Children take on the test of time

21st July 2006 at 01:00
The past, present and future collide in the many adventures reviewed by Mary Hoffman


By Jeanette Winterson

Bloomsbury Children's Books pound;12.99

The People of Sparks

By Jeanne DuPrau

Corgi Books pound;5.99

Small-minded Giants

By Ois!n McGann

Doubleday pound;12.99

Rise of the Blood Moon

By Alan Gibbons

Orion paperback pound;5.99

The Mob - The Crow Chronicles

By Clem Martini

Bloomsbury Children's Books pound;6.99

Tanglewreck begins wonderfully, when a double-decker bus full of children vanishes from Waterloo Bridge while a phalanx of ancient Egyptians rides down the Thames.

The bus is the first victim of a Time Tornado, a phenomenon which becomes increasingly common as the book develops.

Silver, a traditional type of orphan heroine, brought up in a mysterious house (Tanglewreck) by a neglectful "aunt", is the legatee of an instrument called the Timekeeper, sought by Abel Drinkwater and Regalia Mason for their own villainous ends. Only she does not know where to find it.

This is a vigorous and varied read for the junior end of fantasy fandom, jam-packed with ideas and events. In fact there were almost too many of these towards the end, jeopardising the clarity of the plot. (And a wonderful sequence in a Black Hole is marred by a cloying Disney-esque triumph of the "speed of love" over the speed of light). So this is not quite Jeanette Winterson's perfect children's book, but there will be one eventually; it's just a matter of time.

The People of Sparks is second in a trilogy but deserves to be read in its own right because, in spite of its post-Holocaust future setting, it has a powerful message for now. People who have been living for generations in an underground city since The Disaster, have found a way out into the open, led by children Lina and Doon. Fleeing the city of Ember's crumbling infrastructure, 400 of them become asylum-seekers in the rural community of Sparks.
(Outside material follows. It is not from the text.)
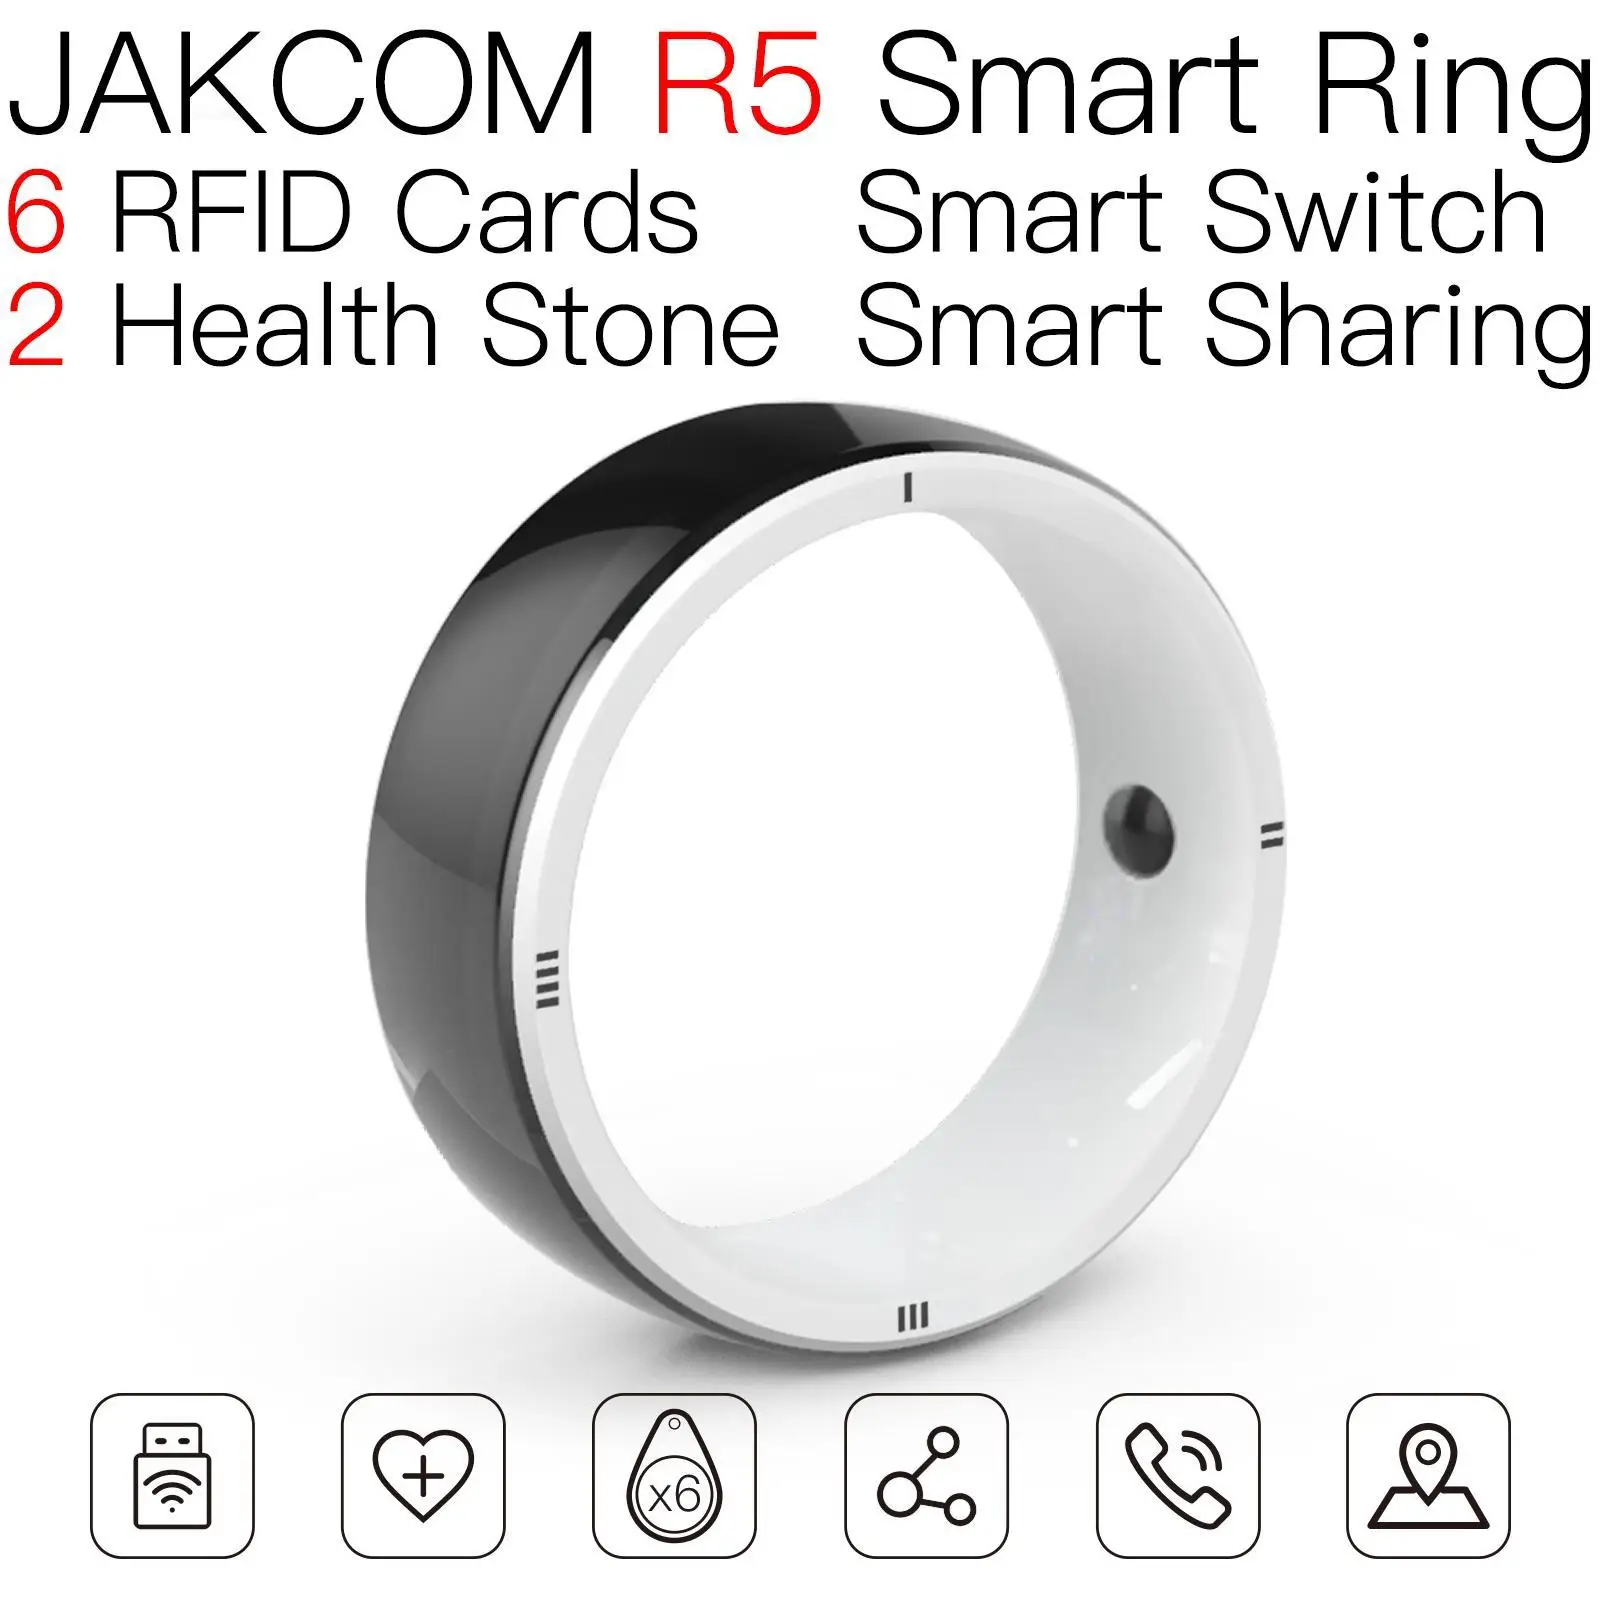 

JAKCOM R5 Smart Ring better than coin rfid carte drago mentalis magic tag wifi nfc uhf hf reader new users bonus 2 rupee items

The good citizens of Sparks, without electricity or other benefits of a post-industrial civilisation have just begun to turn the corner and have well-stocked barns and a degree of prosperity. But a doubling of their population soon puts a strain on their surplus food.

It is a recipe for conflict, xenophobia and chauvinism, all of which follows. And it falls to Lina and Doon again to find a viable solution.

Jeanne DuPrau has embedded a topical issue into a completely credible future.

Ois!n McGann's Small-minded Giants is set in another post-Holocaust distant future but very few of the better human qualities are able to flourish in this dystopic, Blade Runner-ish world. Solomon Wheat lives in Ash Harbour, a city built inside a hollowed-out mountain with a glass dome. His father, one of the workers who scrape the ice from the outer surface of the dome, has gone missing, accused of murder. When Sol tries to find him, he is plunged into a series of violent and dangerous adventures.

The press release describes it as "PlayStation on paper" and whether you like it or not depends entirely on whether fights, flights and regular plot twists are what you want from a novel. This is much more likely to be the case if you are a 14-year-old boy than if you are a literature-loving reviewer.

Alan Gibbons has returned to fantasy with his latest novel, Rise of the Blood Moon. The topography is that of the Indian sub-continent, with all the names changed and, roughly west of where the border with Pakistan would be, stands The Black Tower. A terrifying creature known only as Darkwing comes to the tower every two months to drink the blood of a boy captive, Vishtar.

At the same time, all over the country, the people are preyed on by two manifestations of the risen dead: flesh-eating demons known as dark fliers and the slower slimy night-striders who drag the living under the earth.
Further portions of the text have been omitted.